Il faut séparer l'administration de l'activité médicale ou, du moins, faire en sorte qu'il y ait une gestion collégiale effective sur le terrain. La polyclinique doit s'ouvrir et attirer les patients. Elle ne doit pas se contenter des consultations dans des bureaux qui deviennent des distributeurs de médicaments. Il faut que la principale source d'information soit le médecin-chef et le surveillant médical. Ce sont eux qui sont quotidiennement au courant de ce qui se passe dans les polycliniques. Le médecin coordinateur est un obstacle qui n'a pas lieu d'être dans la proposition. Le médecin-chef devrait être le plus compétent, le plus expérimenté et surtout reconnu et désigné par ses pairs et non pas par l'administration. Son mandat doit être renouvelable. Certains médecins-chefs et coordinateurs ont été désignés depuis des années, voire des décennies. Pour ce qui est des autres structures constituant le système sanitaire dont le Service d'épidémiologie et de médecine préventive (Semep), on doit réexaminer à la lumière des défis de santé, le fonctionnement afin d'éviter qu'ils deviennent des administrations. Le recueil des statistiques doit être impérativement revu et il faut y apporter le sérieux qu'il nécessite.
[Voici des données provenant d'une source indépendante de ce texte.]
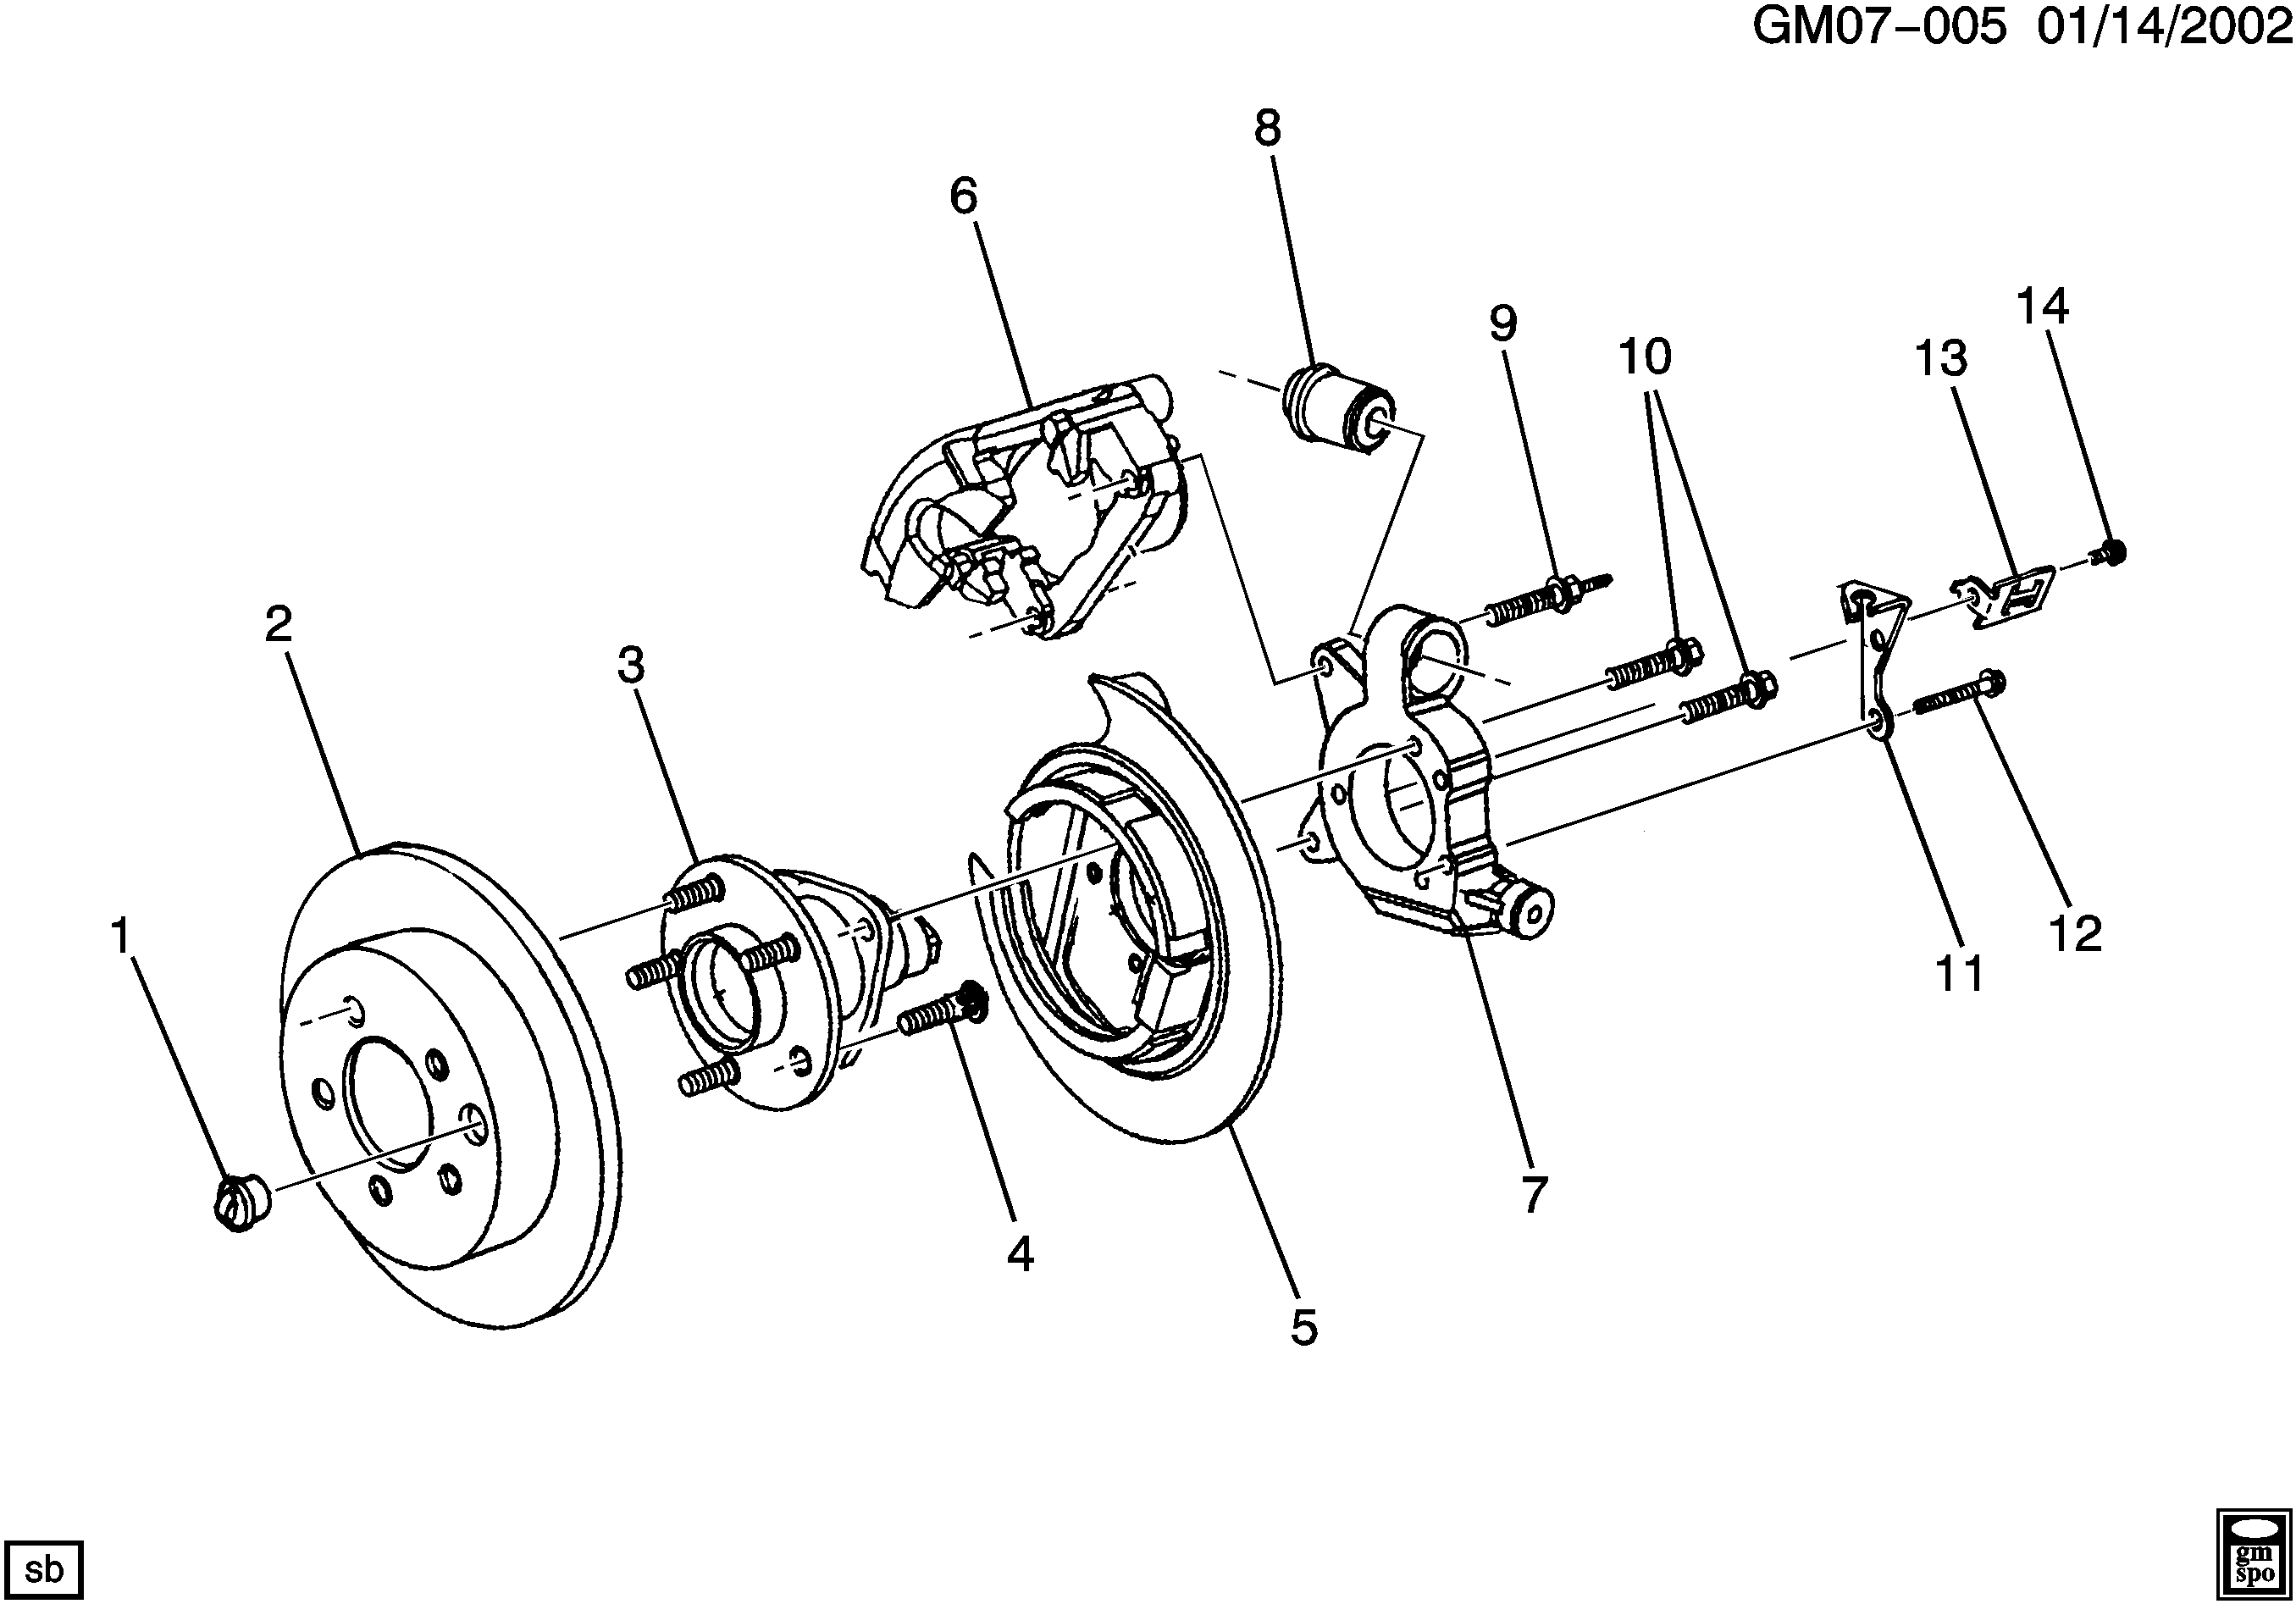 Buick Rendezvous Rear Suspension Diagram

Outre le Semep, le Bureau communal d'hygiène (BCH) doit être présent sur le terrain et non pas dans les bureaux de la commune. Son existence ne doit pas être consultative. En matière d'hygiène et de protection, le responsable du BCH doit avoir des prérogatives pour accomplir sa mission convenablement. Il ne suffit pas de consulter, il faut agir pour faire cesser sur le terrain toute atteinte à la santé publique qui peut être d'un effet immédiat. Et la réaction ne doit pas être sous forme de dossier à étudier.